--- Excerpted data ---

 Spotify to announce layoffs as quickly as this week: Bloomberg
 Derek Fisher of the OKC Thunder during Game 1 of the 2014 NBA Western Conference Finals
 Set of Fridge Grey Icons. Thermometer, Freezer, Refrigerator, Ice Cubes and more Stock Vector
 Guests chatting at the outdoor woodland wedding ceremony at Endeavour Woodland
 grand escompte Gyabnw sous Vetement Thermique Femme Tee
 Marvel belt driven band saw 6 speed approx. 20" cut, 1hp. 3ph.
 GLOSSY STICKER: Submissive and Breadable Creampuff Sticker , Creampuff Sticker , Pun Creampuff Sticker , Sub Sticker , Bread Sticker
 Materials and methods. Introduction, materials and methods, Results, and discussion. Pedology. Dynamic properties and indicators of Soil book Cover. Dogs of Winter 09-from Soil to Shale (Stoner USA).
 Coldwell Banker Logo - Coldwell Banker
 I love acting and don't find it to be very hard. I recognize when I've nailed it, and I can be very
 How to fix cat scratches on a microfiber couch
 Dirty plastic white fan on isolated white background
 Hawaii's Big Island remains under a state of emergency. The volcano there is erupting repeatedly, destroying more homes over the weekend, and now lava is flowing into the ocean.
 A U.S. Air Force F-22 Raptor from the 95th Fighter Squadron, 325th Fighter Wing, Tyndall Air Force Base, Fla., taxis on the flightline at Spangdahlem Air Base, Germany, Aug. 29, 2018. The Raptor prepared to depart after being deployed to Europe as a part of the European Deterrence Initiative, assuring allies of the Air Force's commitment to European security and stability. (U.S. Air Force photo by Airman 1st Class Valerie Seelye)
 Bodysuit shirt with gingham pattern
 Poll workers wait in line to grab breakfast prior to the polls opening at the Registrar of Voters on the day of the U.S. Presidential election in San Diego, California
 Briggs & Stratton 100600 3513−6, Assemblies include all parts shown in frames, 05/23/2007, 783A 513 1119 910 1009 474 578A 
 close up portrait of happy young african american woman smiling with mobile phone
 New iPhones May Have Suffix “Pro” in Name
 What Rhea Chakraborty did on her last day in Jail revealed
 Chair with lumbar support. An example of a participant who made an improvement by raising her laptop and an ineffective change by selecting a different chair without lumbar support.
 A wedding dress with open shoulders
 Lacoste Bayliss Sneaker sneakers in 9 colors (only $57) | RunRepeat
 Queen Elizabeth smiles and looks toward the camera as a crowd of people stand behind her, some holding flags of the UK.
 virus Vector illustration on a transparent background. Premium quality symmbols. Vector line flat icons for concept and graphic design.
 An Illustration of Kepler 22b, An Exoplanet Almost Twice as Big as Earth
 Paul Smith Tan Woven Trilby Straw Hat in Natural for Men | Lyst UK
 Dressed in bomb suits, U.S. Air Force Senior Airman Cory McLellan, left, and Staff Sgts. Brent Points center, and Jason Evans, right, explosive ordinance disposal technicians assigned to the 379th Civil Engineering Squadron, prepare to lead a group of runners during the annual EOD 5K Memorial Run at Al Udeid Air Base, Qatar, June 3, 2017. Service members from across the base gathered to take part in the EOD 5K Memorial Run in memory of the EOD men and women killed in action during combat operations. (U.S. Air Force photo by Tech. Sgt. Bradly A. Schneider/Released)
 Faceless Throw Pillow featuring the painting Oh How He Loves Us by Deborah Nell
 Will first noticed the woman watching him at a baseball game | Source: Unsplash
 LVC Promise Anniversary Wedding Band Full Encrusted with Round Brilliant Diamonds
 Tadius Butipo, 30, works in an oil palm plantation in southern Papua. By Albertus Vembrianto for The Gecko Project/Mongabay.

---

- Exercise -
Everything in the listing is to be restated exactly.

- Task output -
 Spotify to announce layoffs as quickly as this week: Bloomberg
 Derek Fisher of the OKC Thunder during Game 1 of the 2014 NBA Western Conference Finals
 Set of Fridge Grey Icons. Thermometer, Freezer, Refrigerator, Ice Cubes and more Stock Vector
 Guests chatting at the outdoor woodland wedding ceremony at Endeavour Woodland
 grand escompte Gyabnw sous Vetement Thermique Femme Tee
 Marvel belt driven band saw 6 speed approx. 20" cut, 1hp. 3ph.
 GLOSSY STICKER: Submissive and Breadable Creampuff Sticker , Creampuff Sticker , Pun Creampuff Sticker , Sub Sticker , Bread Sticker
 Materials and methods. Introduction, materials and methods, Results, and discussion. Pedology. Dynamic properties and indicators of Soil book Cover. Dogs of Winter 09-from Soil to Shale (Stoner USA).
 Coldwell Banker Logo - Coldwell Banker
 I love acting and don't find it to be very hard. I recognize when I've nailed it, and I can be very
 How to fix cat scratches on a microfiber couch
 Dirty plastic white fan on isolated white background
 Hawaii's Big Island remains under a state of emergency. The volcano there is erupting repeatedly, destroying more homes over the weekend, and now lava is flowing into the ocean.
 A U.S. Air Force F-22 Raptor from the 95th Fighter Squadron, 325th Fighter Wing, Tyndall Air Force Base, Fla., taxis on the flightline at Spangdahlem Air Base, Germany, Aug. 29, 2018. The Raptor prepared to depart after being deployed to Europe as a part of the European Deterrence Initiative, assuring allies of the Air Force's commitment to European security and stability. (U.S. Air Force photo by Airman 1st Class Valerie Seelye)
 Bodysuit shirt with gingham pattern
 Poll workers wait in line to grab breakfast prior to the polls opening at the Registrar of Voters on the day of the U.S. Presidential election in San Diego, California
 Briggs & Stratton 100600 3513−6, Assemblies include all parts shown in frames, 05/23/2007, 783A 513 1119 910 1009 474 578A 
 close up portrait of happy young african american woman smiling with mobile phone
 New iPhones May Have Suffix “Pro” in Name
 What Rhea Chakraborty did on her last day in Jail revealed
 Chair with lumbar support. An example of a participant who made an improvement by raising her laptop and an ineffective change by selecting a different chair without lumbar support.
 A wedding dress with open shoulders
 Lacoste Bayliss Sneaker sneakers in 9 colors (only $57) | RunRepeat
 Queen Elizabeth smiles and looks toward the camera as a crowd of people stand behind her, some holding flags of the UK.
 virus Vector illustration on a transparent background. Premium quality symmbols. Vector line flat icons for concept and graphic design.
 An Illustration of Kepler 22b, An Exoplanet Almost Twice as Big as Earth
 Paul Smith Tan Woven Trilby Straw Hat in Natural for Men | Lyst UK
 Dressed in bomb suits, U.S. Air Force Senior Airman Cory McLellan, left, and Staff Sgts. Brent Points center, and Jason Evans, right, explosive ordinance disposal technicians assigned to the 379th Civil Engineering Squadron, prepare to lead a group of runners during the annual EOD 5K Memorial Run at Al Udeid Air Base, Qatar, June 3, 2017. Service members from across the base gathered to take part in the EOD 5K Memorial Run in memory of the EOD men and women killed in action during combat operations. (U.S. Air Force photo by Tech. Sgt. Bradly A. Schneider/Released)
 Faceless Throw Pillow featuring the painting Oh How He Loves Us by Deborah Nell
 Will first noticed the woman watching him at a baseball game | Source: Unsplash
 LVC Promise Anniversary Wedding Band Full Encrusted with Round Brilliant Diamonds
 Tadius Butipo, 30, works in an oil palm plantation in southern Papua. By Albertus Vembrianto for The Gecko Project/Mongabay.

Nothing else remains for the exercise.